We decline Hamrick's invitation to accept its interpretation of the requirements for the bidding process for two reasons. First, Hamrick asserts that because Tri-State's vehicles had not been registered with the State of Indiana before Tri-State submitted its bid, and because proper licensing with the State was a requirement for a proper bid, Tri-State's bid materially varied from the bid announcement. See id. (stating that "a material variance requires" rejection of a bid). While most of Tri-State's towing vehicles were not registered in Indiana when Tri-State submitted its bid, we note that the bid announcement reserved the City's "right ... to waive any informality [sic] in any bid." (App. 82.) We also note that Tri-State registered its vehicles in Indiana before its contract with the City took effect. Given the City's reservation of rights and Tri-State's compliance *769 with the registration requirements before the contract took effect, we cannot agree with Hamrick that the City was legally precluded from accepting Tri-State's bid.

Second, Associated Sign addresses public purchasing laws no longer in effect, see I.C. § 36-1-9-3 (1981 Supp.1993) (repealed by P.L. 49-1997, effective July 1, 1998), and which, in any event, focused on the purchase of "materials," not services. I.C. § 36-1-9-1(a) (1981 Supp.1993). The comparable present statute that replaced Indiana Code Chapter 36-1-9 is Indiana Code Chapter 5-22-7, and it largely resembles its predecessor statute.

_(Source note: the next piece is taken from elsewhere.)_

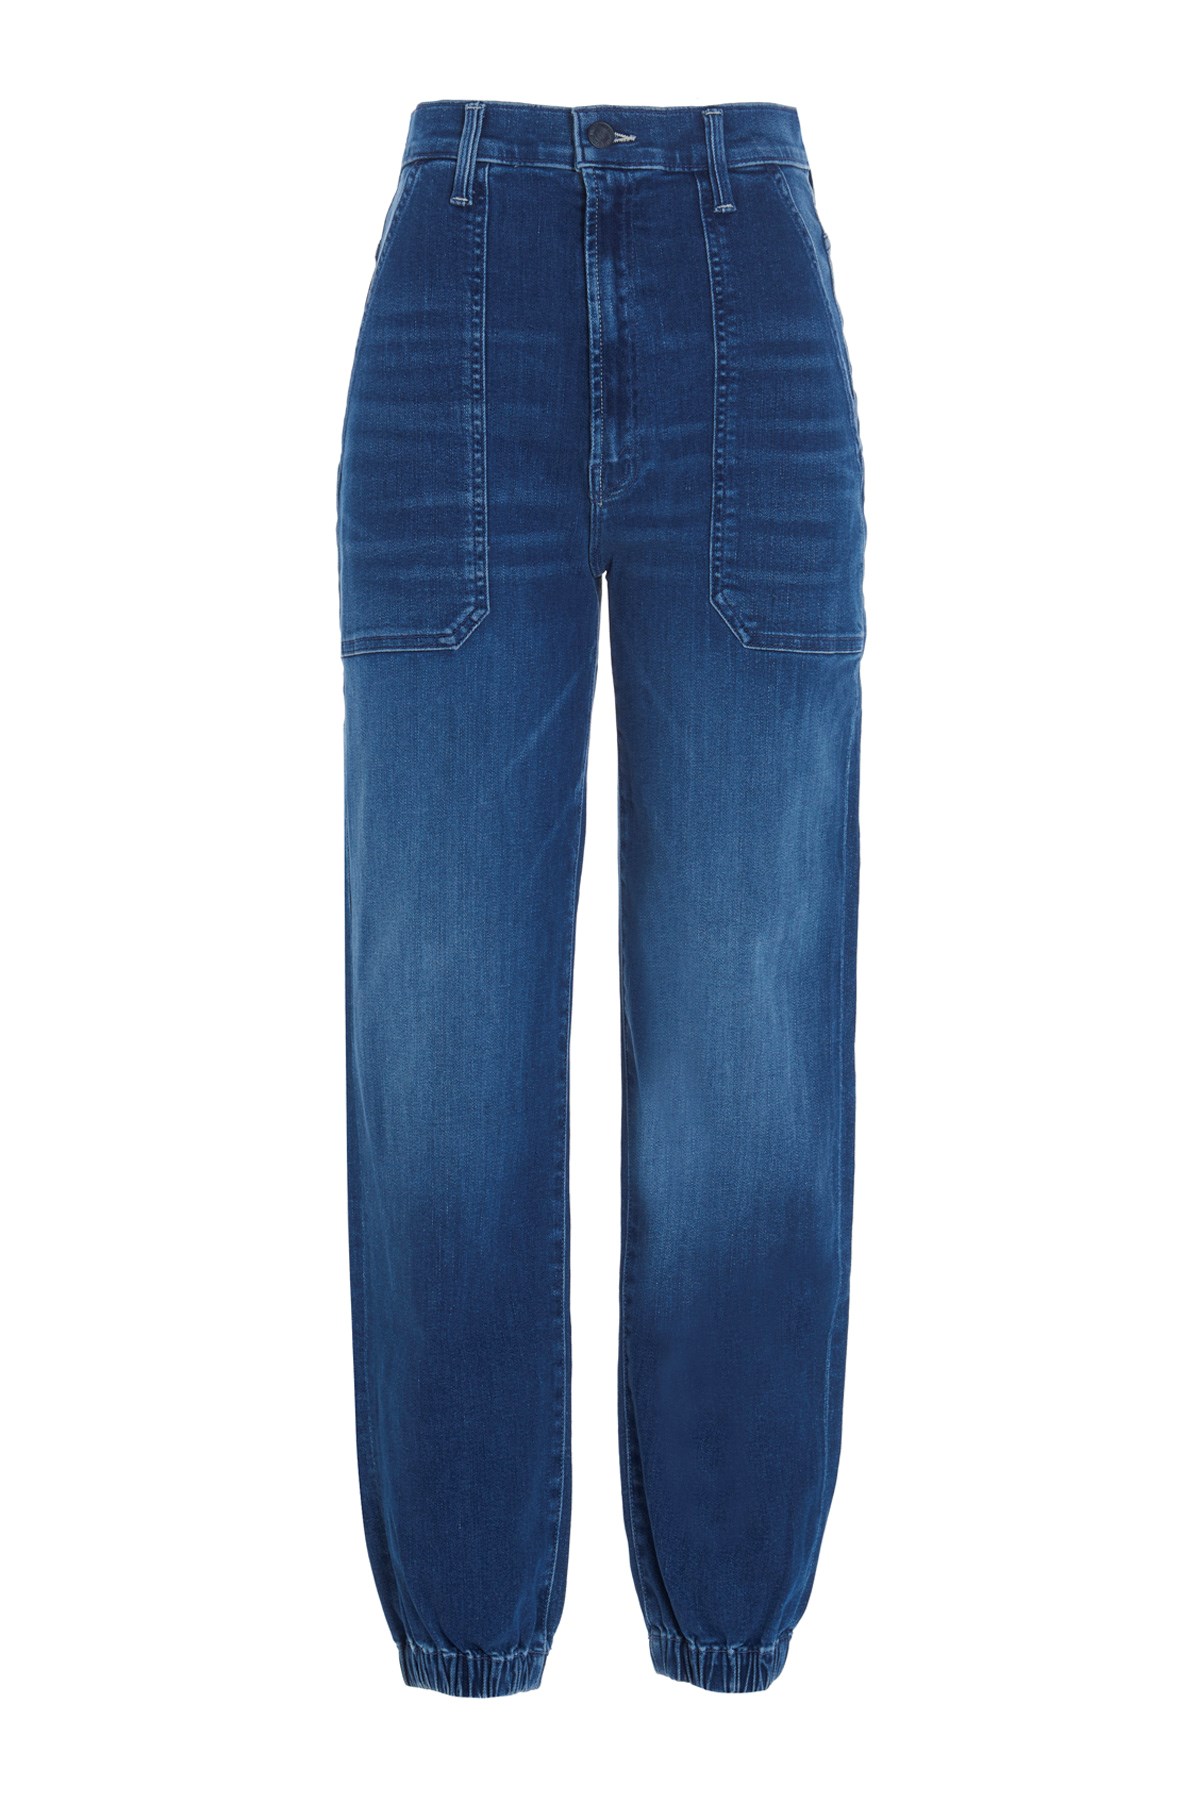 MOTHER 'The Wrapper Patch Springy Ankle' Jeans

See I.C. § 5-22-7-1 (stating "[a] purchasing agent shall follow the procedure described in this chapter in awarding a contract for supplies"); I.C. § 5-22-7-8 (requiring selection and notice "to the lowest responsible and responsive bidder"). Thus, while the logic of Associated Sign may yet apply to applicable public purchases (indeed, many of its statements of law are mirrored in the present statutes), it does not clearly apply in this case, which concerns a contract for services.

Conclusion

Because Hamrick seeks relief arising from a lost bid on a contract for services, the discretion afforded to government bodies to select vendors for such contracts and Hamrick's failure to claim either taxpayer status or some form of collusion preclude any cause of action under which Hamrick might seek relief. Nor can Hamrick argue under the Public Purchasing Law and Associated Sign & Post that the City's award of the contract to Tri-State was otherwise unlawful. We therefore affirm the trial court's grant of the City's motion for summary judgment.

Affirmed.

NAJAM, J., and ROBB, J., concur.

NOTES

[1] We heard oral argument on this case on September 28, 2010, at Vincennes University in Vincennes, Indiana. We extend our thanks to Vincennes University for its hospitality, and thank counsel for coming to Vincennes and for their able advocacy.

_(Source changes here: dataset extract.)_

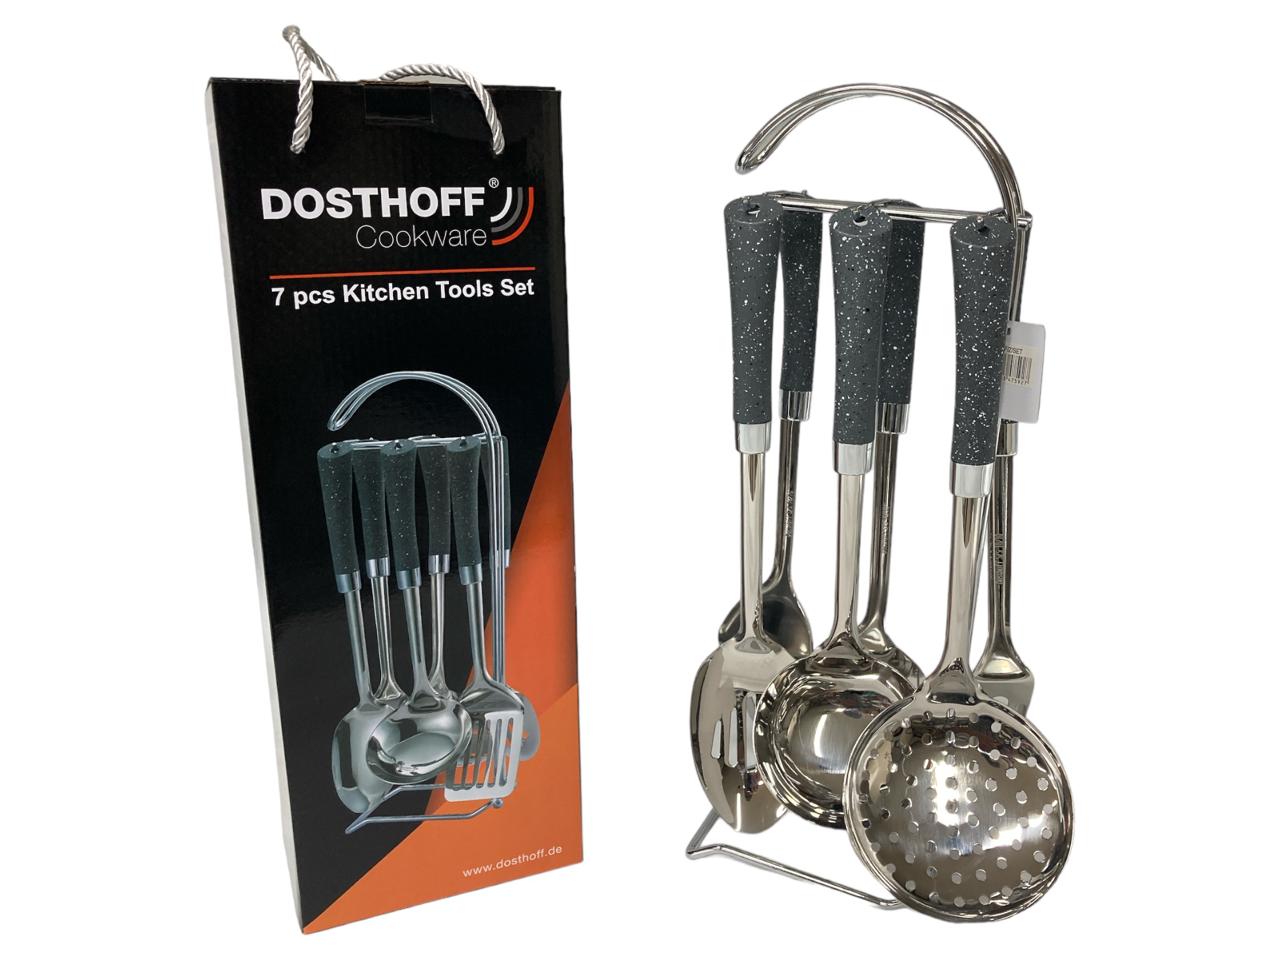 DOSTHOFF STAINLESS STEEL 7 PIECES KITCHEN TOOLS SET

[2] At oral argument, Hamrick asserted that its submission of a bid constituted acceptance of an offer to contract from the City subject to the condition that Hamrick's bid met all conditions listed in the bid announcement. The Proposal Form the City-County Purchasing Department required all bidders to complete includes the language "The undersigned [bidder] proposes to furnish and deliver ... towing services." (App. 91; emphasis added.) The bid announcement and required forms thus make it plain that a bid would not constitute acceptance of an offer to contract, but rather would constitute an offer which the City "reserve[d] the right to reject." (App. 82.) Hamrick's bid was not acceptance of an offer, but an offer which the City could accept or reject, and thus no contract arose.

[3] Ind.Code § 24-1-2-3 is the Indiana Antitrust Act.